An additional regulator that modulates the Lrp- and LrhA-dependent influence on the flagellar pathway is the two-component system EnvZ/OmpR (Park & Forst, 2006). OmpR negatively affects the flagellar pathway, including motility, lipase, protease, hemolysin and antibiotic activity. Although the signals to which EnvZ responds are not known, it has been proposed that OmpR repression of the flagellar regulon may be alleviated after the insect is dead (Park & Forst, 2006). This idea supports the notion that degradative enzymes in the flagellar regulon are expressed at this point in order to support nutrient acquisition and nematode production.
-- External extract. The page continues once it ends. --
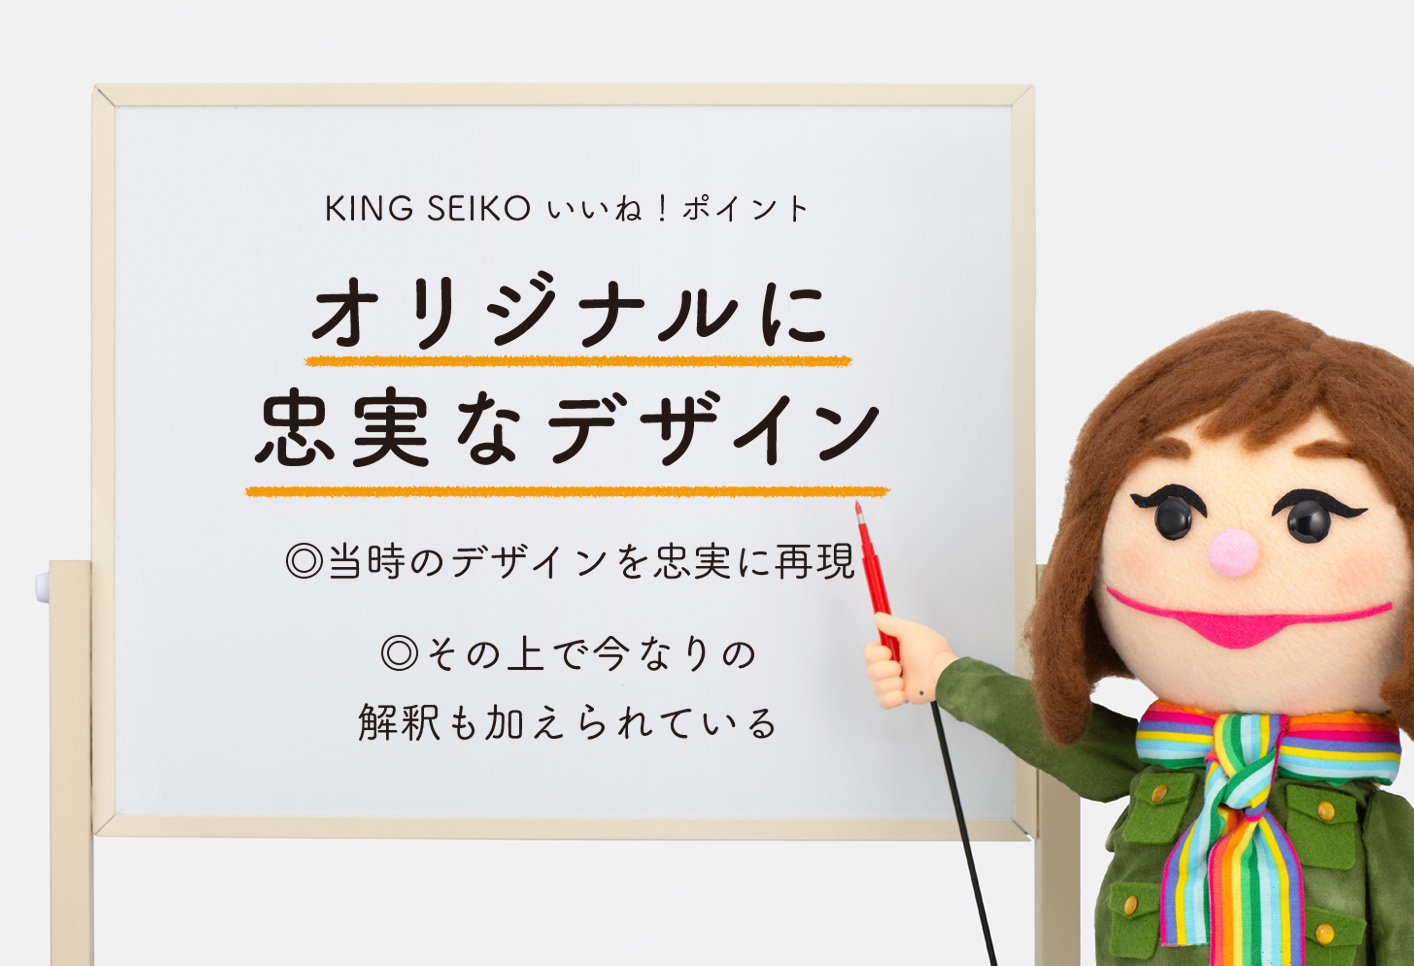 KING SEIKO いいね!ポイント オリジナルに忠実なデザイン ◎当時のデザインを忠実に再現 ◎その上で今なりの解釈も加えられている

X. nematophila research has established regulatory and structural factors required for its natural symbiotic interactions. The global regulators Lrp, CpxR, and LrhA coordinate activities necessary for pathogenesis and mutualism, and we argue here that they sense the nutritional status of the insect host environment. However, much remains to be learned regarding the specific metabolic cues that trigger regulatory transitions. Furthermore, the regulatory model presented here highlights the need to discern temporal changes in symbiotic factor expression and function that allow X. nematophila to move seamlessly through the multiple stages of its associations with invertebrates.